A. Ta'widh
1.
Definisi Ta’widh
Kata al-ta’widh berasal dari kata ‘iwadha (عوض), yang
berarti ganti atau konpensasi. Sedangkan al ta’widh sendiri secara
bahasa berarti maengganti (rugi) atau membayar konpensasi. Adapun menurut
istilah adalah menutup kerugian yang terjadi akibat pelanggaran atau
kekeliruan.
Adanya dhaman (tanggung jawab) untuk menggantikan atas sesuatu yang
merugikan dasarnya adalah kaidah hokum Islam, “bahaya (beban berat) dihilangkan,”
(adh-dhararu yuzal), artinya bahaya (beban berat) termasuk di dalamnya
kerugian harus dihilangkan dengan menutup melalui pemberian ganti rugi.
Kerugian disini adalah segala gnagguan yang menimpa seseorang, baik menyangkut
dirinya maupun menyangkut harta kekayaannya, yang terwujud dalam bentuk
berkurangnya kuantitas, kualitas ataupun manfaatnya.

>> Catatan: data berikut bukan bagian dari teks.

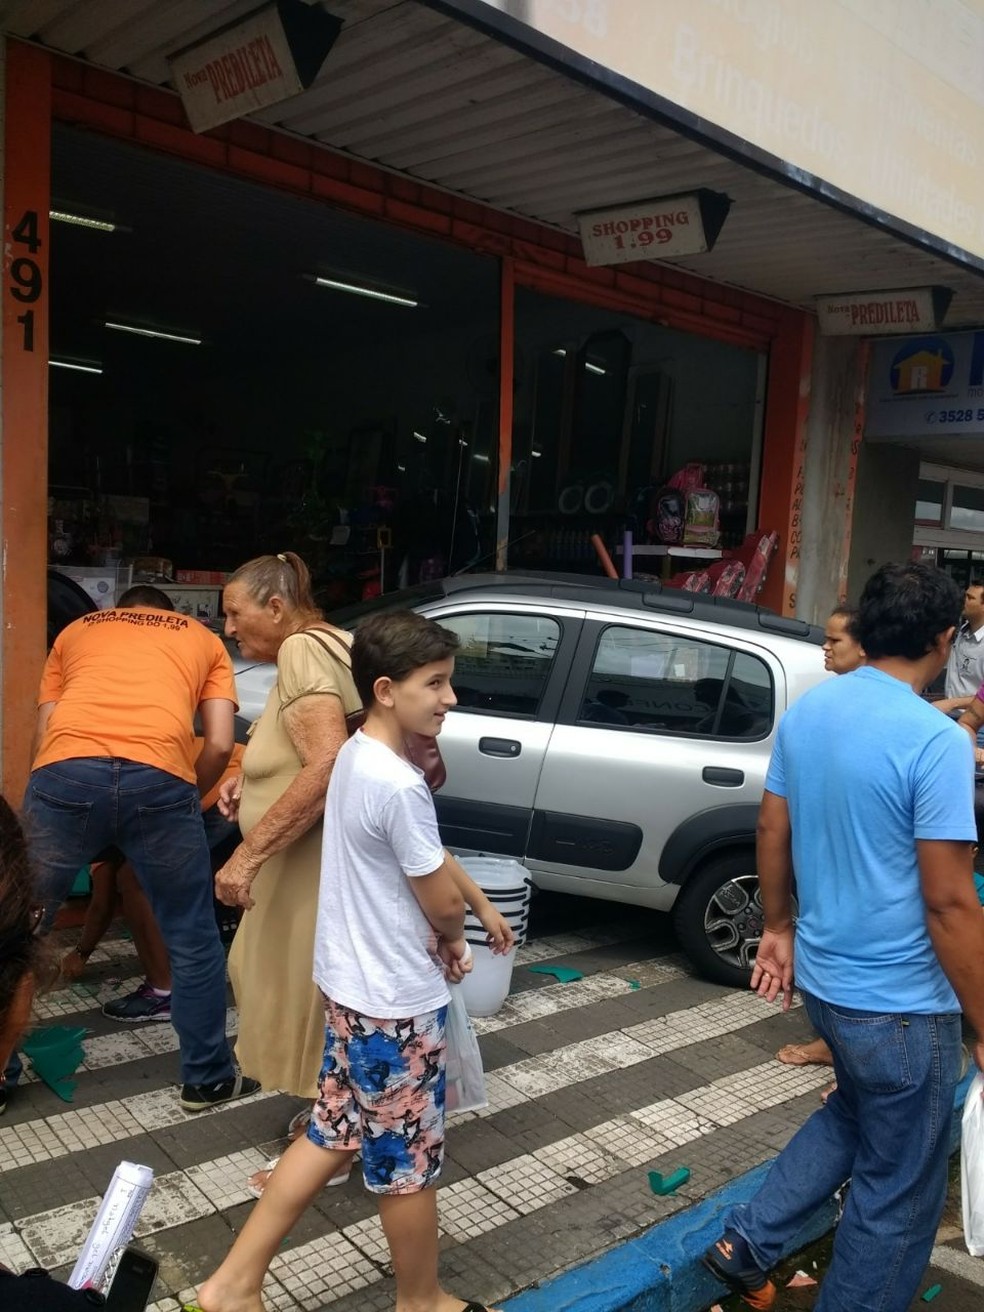 Carro invadiu loja de R$ 1,99 no Centro de Osvaldo Cruz (Foto: Gilberto do Amaral/Cedida)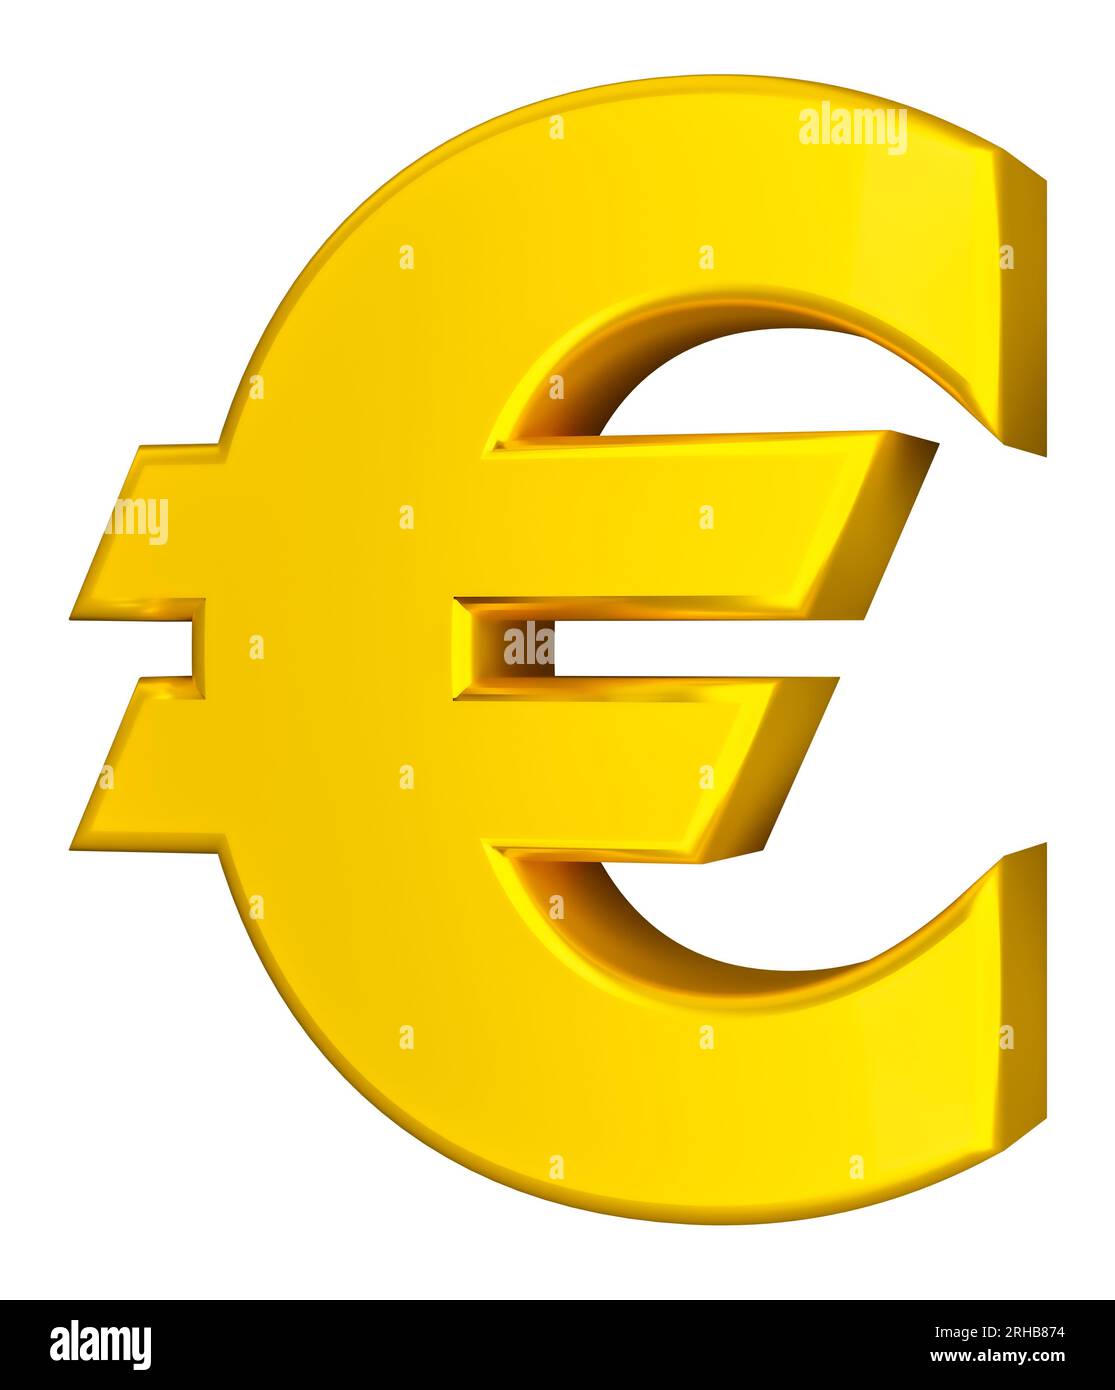 Simbolo finanziario e commerciale. Euro sign. Isolato su sfondo bianco Foto Stock

Dalam kaitan dengan akad, kerugian yang terjadi lebih banyak
menyangkut harta kekayaan yang memang menjadi objek dari suatu akad atau
manyangkut fisik seseorang. Sedangkan yang menyangkut moril kemungkinan sedikit
sekali, yaitu kemungkinan terjadinya kerugian moril. Misalnya seorang dokter
dengan membukakan rahasia pasiennya yang diminta untuk disembunyikan sehingga
menimbulkan rasa malu pada pasien tersebut. Dalam kasus ini tentu saja yang
berhubungan dengan harta kekayaan atau seuatu yang telah dikeluarkan.
2.
Dasar hokum Ta’widh (Istidlal)
a.
Q.S
Al-Maidah : 1
“Hai orang-orang yang beriman, penuhilah aqad-aqad itu”
b.
Hadis
nabi riwayat ibnu majah dari ‘Ubadah bin Shamit, riwayat Ahmad dari Ibnu
‘Abbas, dan Malik dari Yahya :
لاضررولاضرار
“Tidak boleh membahayakan diri sendiri dan tidak boleh pula
membahayakan orang lain.”
c.
Kaidah
Fikih :
“pada dasarnya, segala bentuk muamalat boleh dilakukan kecuali ada
dalil yang mengharamkan”.
“Bahaya (beban berat) harus dihilangkan”
3.
Ketentuan Umum
a. Ganti rugi (ta`widh)
hanya
boleh dikenakan atas
pihak
yang dengan sengaja atau
karena kelalaian melakukan sesuatu yang menyimpang dari
ketentuan
akad
dan
menimbulkan kerugian pada pihak lain
b. Kerugian yang dapat dikenakan ta’widh sebagaimana
dimaksud
dalam ayat 1
adalah
kerugian
riil
yang
dapat
diperhitungkan
dengan jelas.
c. Kerugian riil sebagaimana dimaksud
ayat 2 adalah biaya-biaya
riil yg dikeluarkan
dalam rangka
penagihan
hak yg seharusnya
dibayarkan.
d. Besar ganti rugi (ta`widh) adalah sesuai dengan nilai kerugian riil (real loss) yang pasti dialami (fixed cost)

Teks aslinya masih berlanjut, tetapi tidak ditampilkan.